Signs and symptoms of insomnia
Simply defined, insomnia is the inability to get high-quality sleep. It can last a
day or two, a month, or even months on end. Because different individuals need different
amounts of sleep, insomnia is not defined by the number of hours you sleep or by how
quickly you fall asleep. Instead, it depends on the quality of your sleep, and how
you feel after sleeping. Even if you are sleeping eight hours a night, if you’re
still feeling drowsy and fatigued during the day, you may be experiencing insomnia.
| Symptoms and Effects of Insomnia |
Nighttime |
Daytime |
- Difficulty falling asleep despite being tired
- Relying on sleeping pills or alcohol to fall asleep
- Awakening frequently or lying awake in the middle of the night
- Awakening too early in the morning and not feeling refreshed
|
- Daytime drowsiness, fatigue, or irritability
- Difficulty concentrating; poor job/school performance
- Lower reaction times and diminished mental alertness; increased likelihood
of accidents
- Weakened immune system
- Increased risk of depression, anxiety and substance abuse
|
Causes of insomnia
Catherine finds herself so overwhelmed by a big project at work and the ongoing
challenge of caring for her elderly father that she is tossing and turning at night.
After a couple of weeks of sleepless nights, she’s noticed that her tiredness
is affecting both her mood and her productivity on the job. To make matters worse,
she’s becoming anxious about her inability to sleep. Despite feeling extremely
tired, sleep is proving elusive - and she has no idea what to do.
Take a look at your life and sleeping habits to see what might be causing your insomnia.
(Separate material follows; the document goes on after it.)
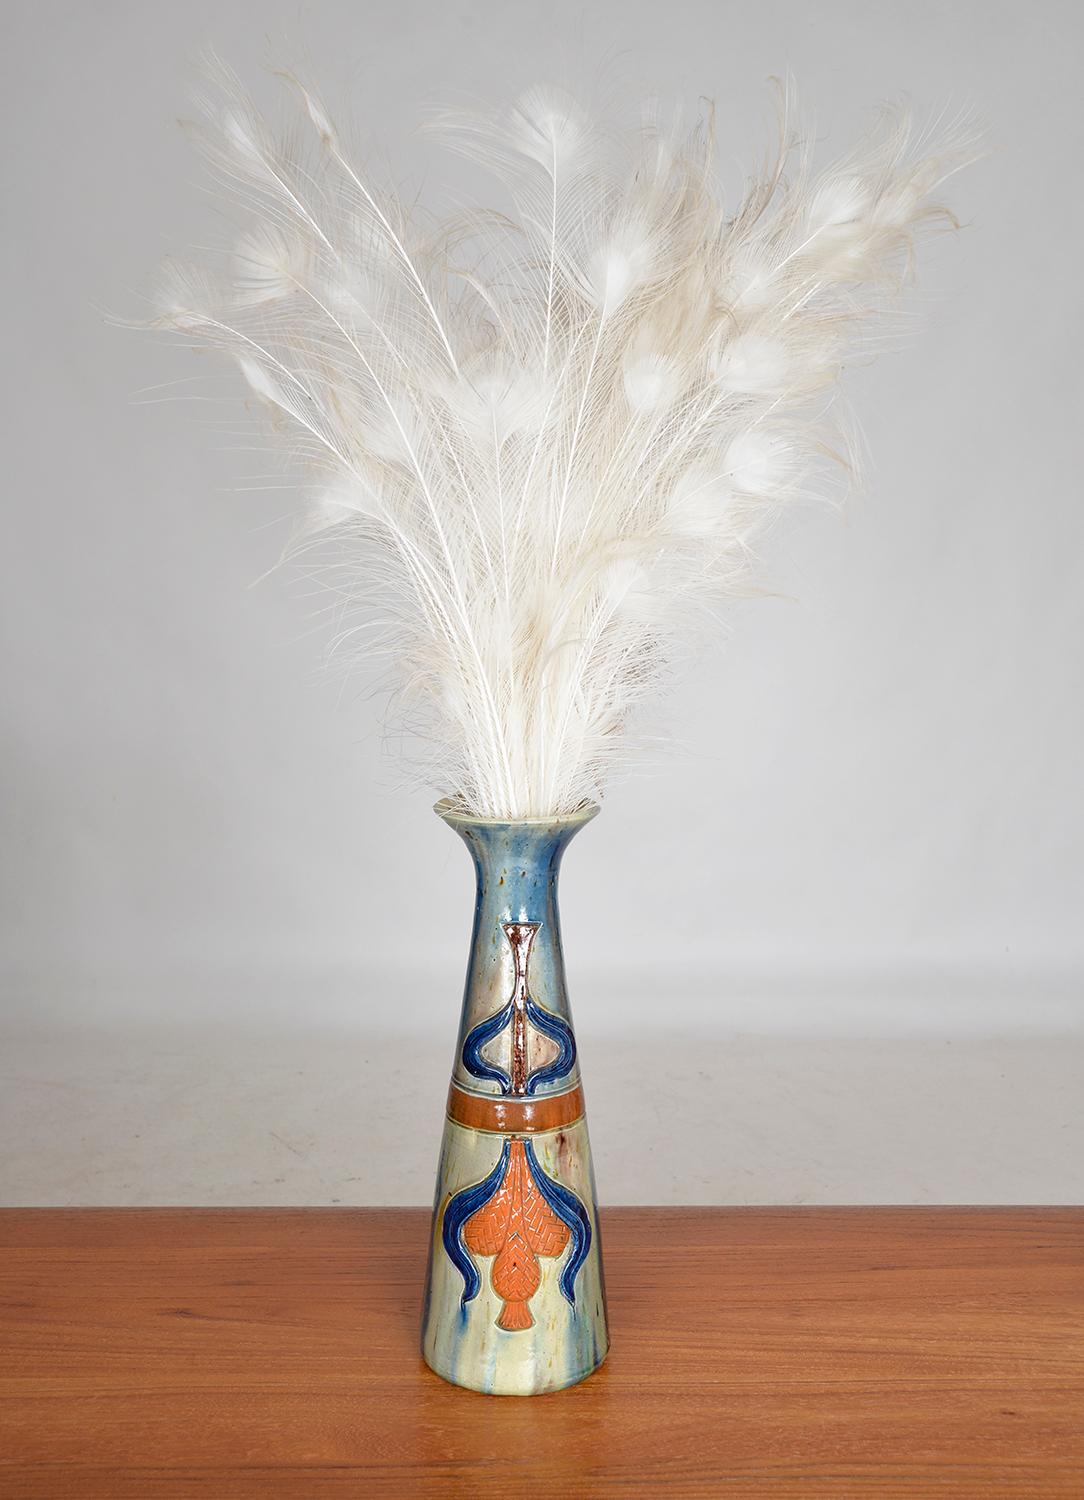 Flemish Studio Pottery Art Nouveau Drip Glazed Earthenware Vase 1900s Folk Art For Sale 8

Sometimes the answer might be as simple as getting some dark shades to block out light
or eliminating a nightcap before bed.
For comprehensive information about how daily habits and your sleep environment
can cause sleepless nights, as well as simple steps to change them, visit Sleep
Tips.
Food, drink and medications
What you eat and drink during the day can affect your sleep at night. Too much caffeine,
smoking, and alcohol before bed all contribute to poor sleep. Additionally, some prescription
medications can interfere with sleep. Ironically, if not managed carefully or stopped
abruptly, sleep medications can cause rebound insomnia.
Your sleep environment
Your room may be too bright. Or excess noise during the night may be waking you frequently.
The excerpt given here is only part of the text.